**What the task requires**
All lines in the material containing the word "Nike" need to be copied.

**Extracted records**
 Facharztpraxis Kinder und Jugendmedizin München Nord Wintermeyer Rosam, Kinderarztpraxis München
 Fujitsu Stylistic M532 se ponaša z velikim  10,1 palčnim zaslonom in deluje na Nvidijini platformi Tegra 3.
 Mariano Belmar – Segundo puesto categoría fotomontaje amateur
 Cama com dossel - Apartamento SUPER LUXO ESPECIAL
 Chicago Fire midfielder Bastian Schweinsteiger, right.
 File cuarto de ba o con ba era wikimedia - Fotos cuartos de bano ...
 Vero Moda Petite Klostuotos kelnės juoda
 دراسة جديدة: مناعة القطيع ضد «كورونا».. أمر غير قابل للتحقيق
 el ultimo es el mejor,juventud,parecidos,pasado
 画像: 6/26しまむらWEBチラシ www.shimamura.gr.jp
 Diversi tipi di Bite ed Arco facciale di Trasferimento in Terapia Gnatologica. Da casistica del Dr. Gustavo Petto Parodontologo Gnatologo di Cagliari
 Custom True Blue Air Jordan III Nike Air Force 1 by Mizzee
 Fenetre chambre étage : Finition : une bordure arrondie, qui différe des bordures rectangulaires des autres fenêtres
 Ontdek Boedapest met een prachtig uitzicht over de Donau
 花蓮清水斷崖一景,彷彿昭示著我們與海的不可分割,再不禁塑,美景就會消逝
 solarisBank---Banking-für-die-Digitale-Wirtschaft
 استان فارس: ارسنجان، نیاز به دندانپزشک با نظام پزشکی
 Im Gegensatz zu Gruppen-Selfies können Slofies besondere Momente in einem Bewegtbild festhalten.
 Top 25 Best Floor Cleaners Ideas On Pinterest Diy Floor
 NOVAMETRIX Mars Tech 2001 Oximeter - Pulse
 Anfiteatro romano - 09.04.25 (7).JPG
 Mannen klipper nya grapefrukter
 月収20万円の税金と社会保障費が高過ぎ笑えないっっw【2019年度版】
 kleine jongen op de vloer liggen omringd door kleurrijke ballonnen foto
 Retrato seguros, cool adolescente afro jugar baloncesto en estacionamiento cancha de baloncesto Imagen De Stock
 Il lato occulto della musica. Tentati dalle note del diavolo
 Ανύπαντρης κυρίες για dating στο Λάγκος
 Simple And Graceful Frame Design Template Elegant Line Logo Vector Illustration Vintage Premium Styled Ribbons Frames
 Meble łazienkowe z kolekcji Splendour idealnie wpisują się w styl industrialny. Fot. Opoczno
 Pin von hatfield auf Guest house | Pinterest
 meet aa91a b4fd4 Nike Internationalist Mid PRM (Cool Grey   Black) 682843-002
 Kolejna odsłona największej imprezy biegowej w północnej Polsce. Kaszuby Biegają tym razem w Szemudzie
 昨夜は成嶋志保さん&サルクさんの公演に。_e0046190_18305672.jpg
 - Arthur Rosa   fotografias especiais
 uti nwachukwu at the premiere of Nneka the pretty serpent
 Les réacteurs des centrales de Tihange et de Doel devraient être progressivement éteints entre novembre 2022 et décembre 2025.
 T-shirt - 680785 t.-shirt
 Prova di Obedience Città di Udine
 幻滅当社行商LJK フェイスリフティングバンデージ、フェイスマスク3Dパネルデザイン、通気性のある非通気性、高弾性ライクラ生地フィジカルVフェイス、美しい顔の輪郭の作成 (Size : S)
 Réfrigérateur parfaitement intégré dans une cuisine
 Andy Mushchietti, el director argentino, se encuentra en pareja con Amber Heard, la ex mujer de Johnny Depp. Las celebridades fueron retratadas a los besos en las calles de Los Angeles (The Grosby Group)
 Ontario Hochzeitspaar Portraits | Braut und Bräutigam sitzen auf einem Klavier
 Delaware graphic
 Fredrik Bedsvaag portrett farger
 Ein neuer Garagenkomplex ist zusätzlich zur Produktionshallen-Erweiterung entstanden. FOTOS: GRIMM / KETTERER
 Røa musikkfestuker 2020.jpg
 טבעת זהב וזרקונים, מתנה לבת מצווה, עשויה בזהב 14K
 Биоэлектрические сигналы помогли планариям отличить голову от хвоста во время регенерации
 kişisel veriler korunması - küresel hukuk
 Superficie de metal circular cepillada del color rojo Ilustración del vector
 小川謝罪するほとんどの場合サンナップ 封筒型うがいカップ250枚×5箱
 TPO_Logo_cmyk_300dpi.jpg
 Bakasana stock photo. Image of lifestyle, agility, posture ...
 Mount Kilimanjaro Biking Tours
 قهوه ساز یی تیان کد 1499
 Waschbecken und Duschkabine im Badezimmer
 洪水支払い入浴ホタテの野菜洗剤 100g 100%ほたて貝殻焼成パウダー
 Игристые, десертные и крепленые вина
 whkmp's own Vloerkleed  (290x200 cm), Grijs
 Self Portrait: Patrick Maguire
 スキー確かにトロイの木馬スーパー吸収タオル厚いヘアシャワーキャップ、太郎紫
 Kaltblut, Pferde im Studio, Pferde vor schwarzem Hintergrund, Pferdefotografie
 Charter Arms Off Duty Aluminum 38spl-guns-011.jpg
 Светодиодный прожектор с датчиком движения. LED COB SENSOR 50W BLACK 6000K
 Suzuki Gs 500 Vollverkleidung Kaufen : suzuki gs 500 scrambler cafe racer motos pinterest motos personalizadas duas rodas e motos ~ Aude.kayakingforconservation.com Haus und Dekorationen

**Finished task**
 Custom True Blue Air Jordan III Nike Air Force 1 by Mizzee
 meet aa91a b4fd4 Nike Internationalist Mid PRM (Cool Grey   Black) 682843-002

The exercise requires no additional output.